Baptist relief efforts continue in Louisiana as well, with eighty-one units still serving there. Caison said feeding operations are scaling back in that state, but chainsaw and flood recovery activities remain a high priority.

However, some churches in southern Louisiana that weathered Hurricanes Katrina, Rita, and Gustav may have been done in by Ike's onslaught.

J.P. Miles, director of missions for the Carey Baptist Association, said, "My hope for my Coast is that we can look at [this] as a new direction: How can we do ministry effectively but not necessarily with buildings? Our mindset as Southern Baptists is that we need a brick building on a corner, and it's hard to get past that."

Joe Arnold, director of missions in Bayou Baptist Association southwest of New Orleans, said fifteen thousand homes in the region were flooded by Ike — five thousand more than were flooded by Rita in 2005.

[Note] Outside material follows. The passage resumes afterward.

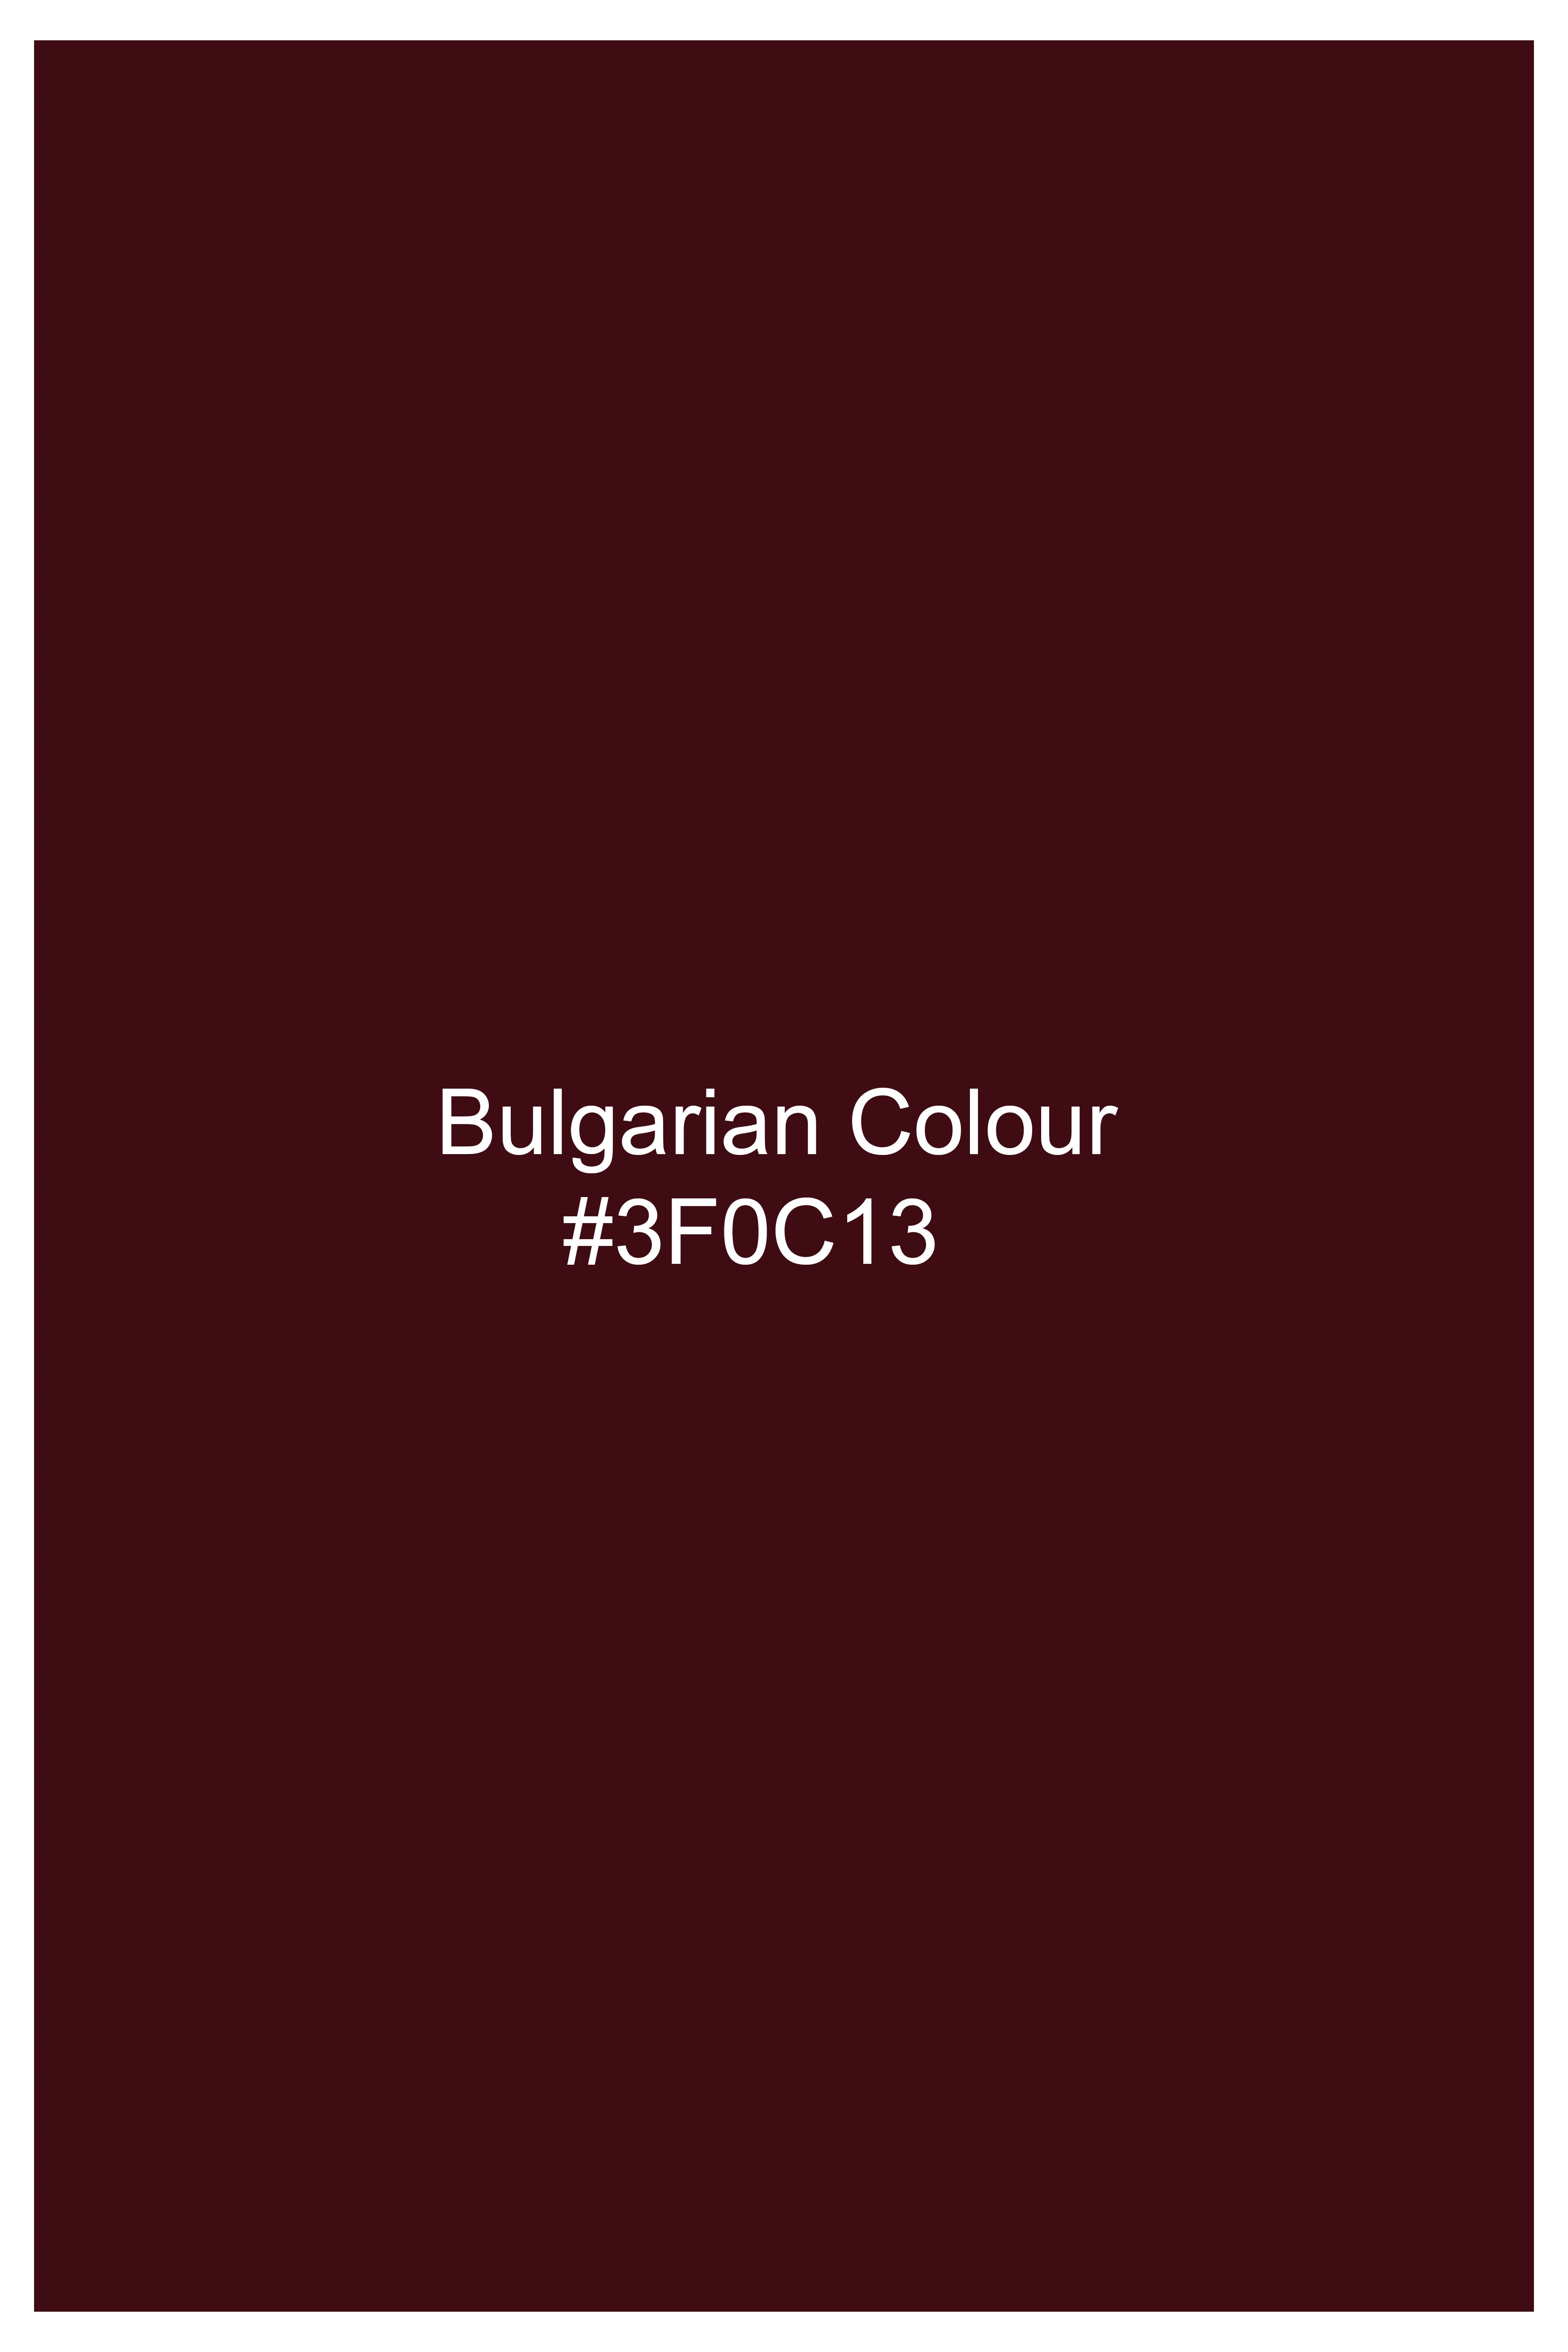 Bulgarian Maroon Double Breasted Crushed Velvet Blazer

"Longtime pastors tell me they've never seen the water this high," Arnold said. "I've got eleven churches that were strongly impacted."

"Some of them feel like, 'I don't know if I can go through this again.' They still know their strength comes from the Lord, but it's part of the grief process: 'Here we go again, three years later. We just got to where we could see the light at the end of the tunnel, and now this.'"

Arnold would like partnerships to develop between churches in Bayou Baptist Association and churches elsewhere. "I have three churches that were limping already," Arnold said. "If they don't get partnerships, they're not going to open again. When you're limping and fall into the water, it's hard to get up again."